見方・考え方を軸にした教科の横断・統合を図る総合学習(冒頭)

教科学習と総合学習の統合
   ―文芸研のめざす総合学習― 文芸教育研究協議会会長 /西郷 竹彦


教科学習と総合学習を結ぶ原理

 教科学習と総合学習、この両者をどのように関連づけ、統一すればいいのか、ということを中心にお話したいと思います。

 最近、教育の現場を回っていて、いつも感じることがあります。それは、「教科学習に力を入れるととても総合学習どころではない。逆に総合学習へ力を入れていくと、教科学習がどうしてもおろそかになる。なかなか両者が両立できない」というジレンマ、悩みを抱えている教師が多いということです。ここに集まっておられる先生方も、この両方をどううまく両立するか、なかなか確信がもてないのではないでしょうか。

 私どもは、自分と自分を取りまく世界を望ましい方向に変えていく主体を育てることが教育の目的であると長年主張してきました。そのためには、何が必要でしょうか。まず、教科学習を確立することです。その上にたって総合学習を展開していき、両者を統一することが必要だと考えます。

 それでは、どういう原理で統一できるのでしょうか。結論的に言いますと、ものの見方・考え方、あるいは認識の方法(「認識」とはわかること)、つまりわかり方を低学年、中学年、高学年、中学と系統的に指導することだと考えています。しかも、全ての教科でものの見方・考え方の原理をふまえた系統指導をしていくことです。そうすると、ものの見方・考え方で全ての教科を関連させ、横断することができます。

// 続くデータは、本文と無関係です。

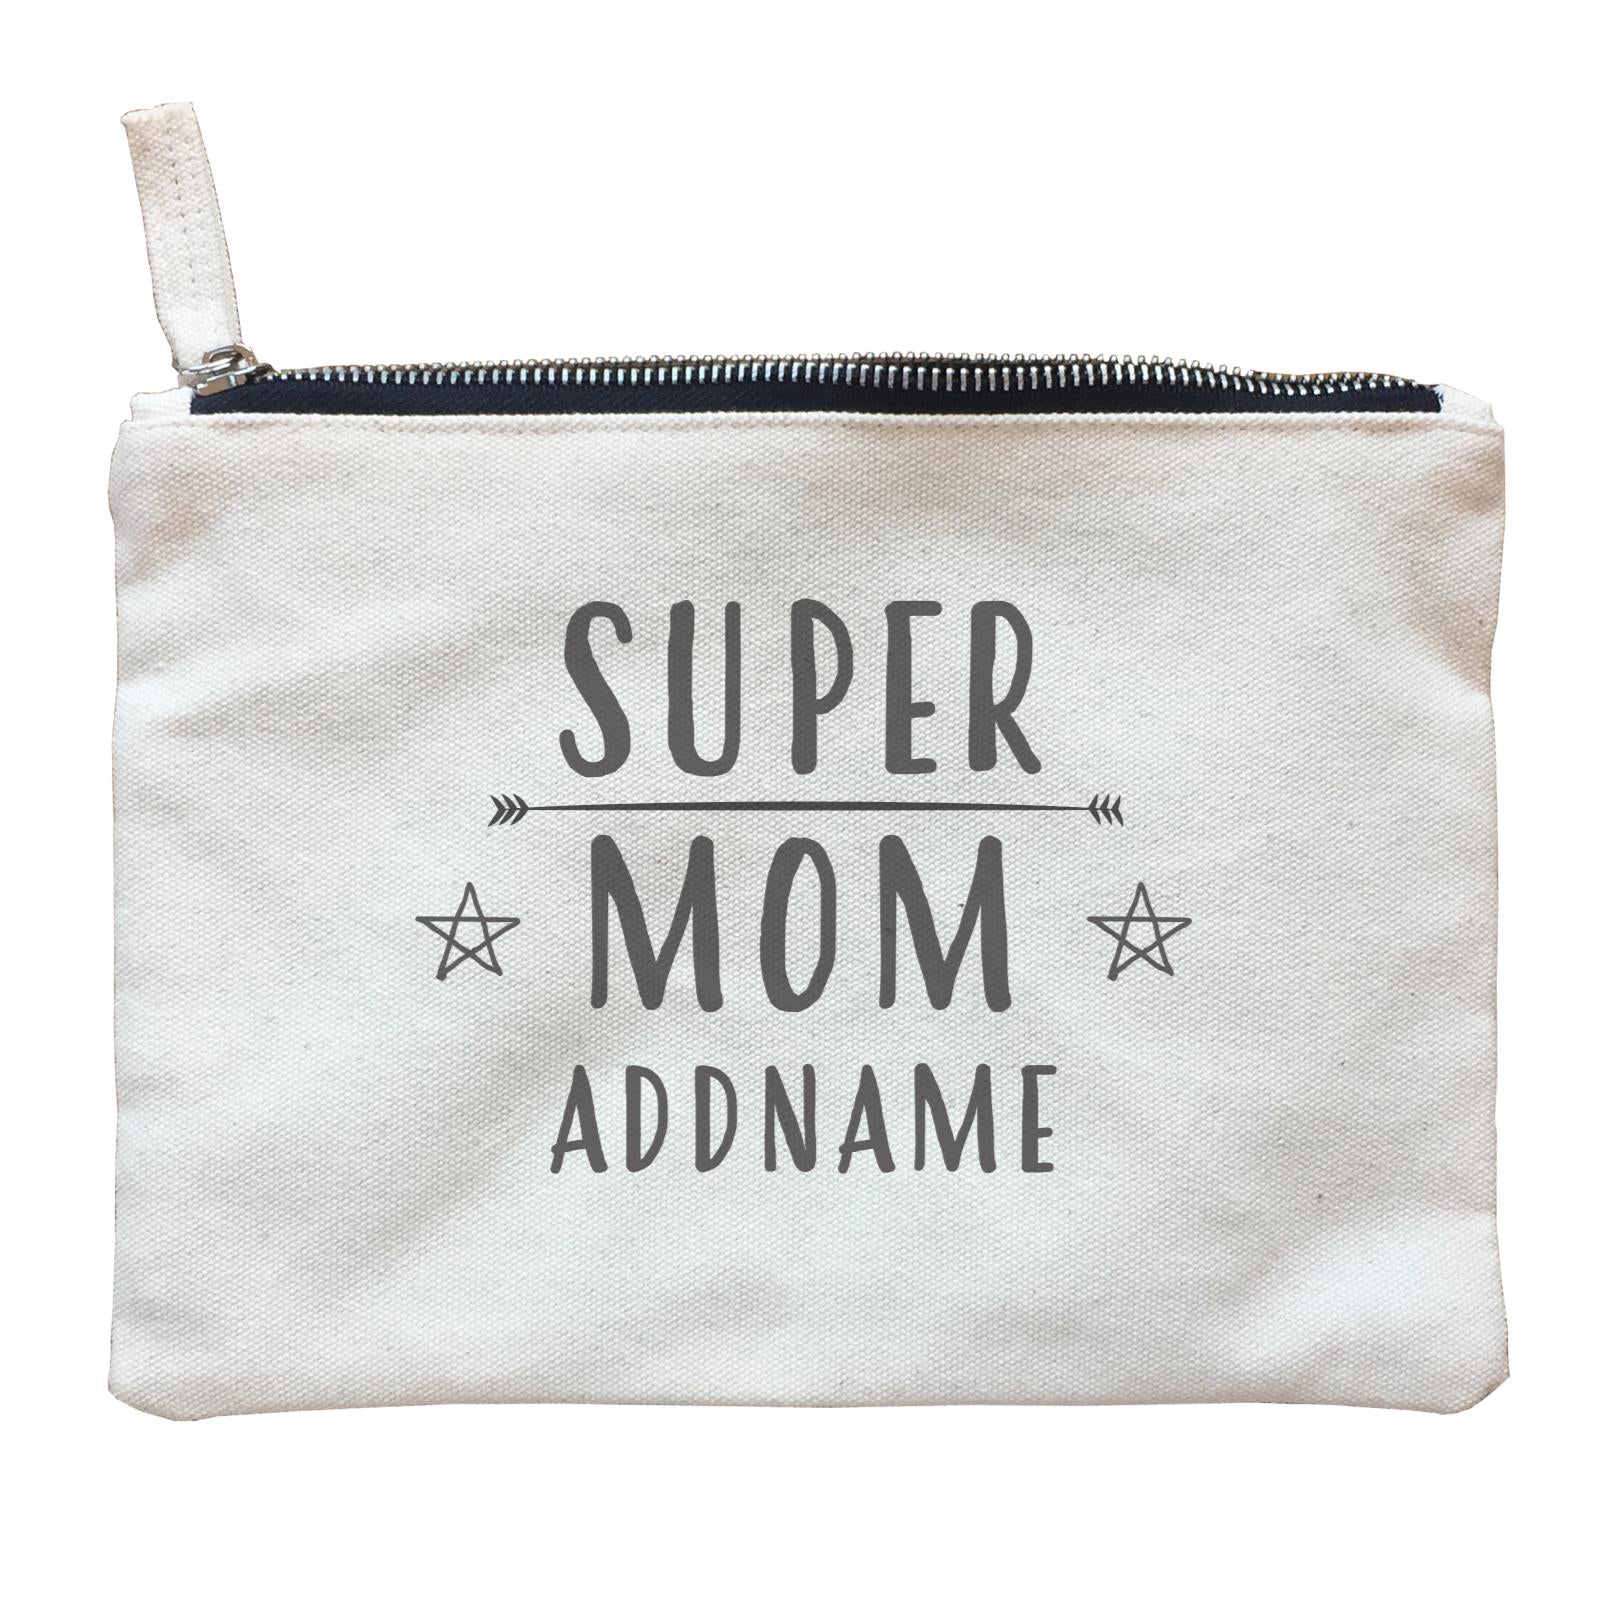 Girl Boss Quotes Super Mom Star Icon Addname Zipper Pouch

 教科には、それぞれ独自性があります。国語科には国語科の、社会科には社会科の、理科には理科の独自性があります。ですから、それぞれの独自性をふまえた指導が必要です。独自性と同時に、すべての教科には共通するものがあるはずです。すべての教科の指導は、大きな教育の目的にむかって統一されなければならないことはもちろんです。しかし、目的だけではなく、方法の上でもすべての教科に共通するものがあるはずです。その方法とは一体何かというと、ものの見方・考え方、つまり認識の方法です。算数の場合でも、理科の場合でも、社会の場合でも、国語の場合でも、ものの見方・考え方は共通なはずです。だから、ものの見方・考え方を軸にして、それぞれの教科で系統指導すると同時にすべての教科を横に関連、横断、統合することが可能になるのです。私どもはこういう考え方をこれまでずっとすすめてきました。

 「総合的な学習の時間」が文部省から出されたから、私どもは、あわてて総合学習ということを言い出だしたのではありません。教科を関連、横断、統合する理論や実践は、文部省が「総合的な学習」を言い出すずっと前、広い意味ではもう四十年も前から今日まで、文芸研が一貫してすすめてきたものです。私どもの方が、総合学習のあり方を先取りして主張してきたとも言えます。

 今日は、見方・考え方にはどういうものがあるのかをお話しする時間はありません。したがって、国語を例にして教科学習をどう確立すればいいのか、しかもそれが総合学習を展開することとどううまくつながるかに焦点を絞ってお話してみたいと思います。

 具体的に話をするために、光村版の教科書教材になっております宮沢賢治の「やまなし」と、まど・みちおの「よかったなあ」という詩を取り上げたいと思います。


「やまなし」から生まれる疑問

 「やまなし」は短い作品ですが、これを読まれると、いろいろな疑問をもたれるかと思います。専門家の間でも、それから教師や子どもたちからも、よく出る疑問があります。それは、いったい〈クラムボン〉というのは何だろうか、なぜ「やまなし」という題名になっているのかといったことです。

 〈やまなし〉は、〈十二月〉の場面の後半で少し出てくる程度です。その程度の比重しかない〈やまなし〉を、なぜ作品全体の題名にしているのだろうかという疑問です。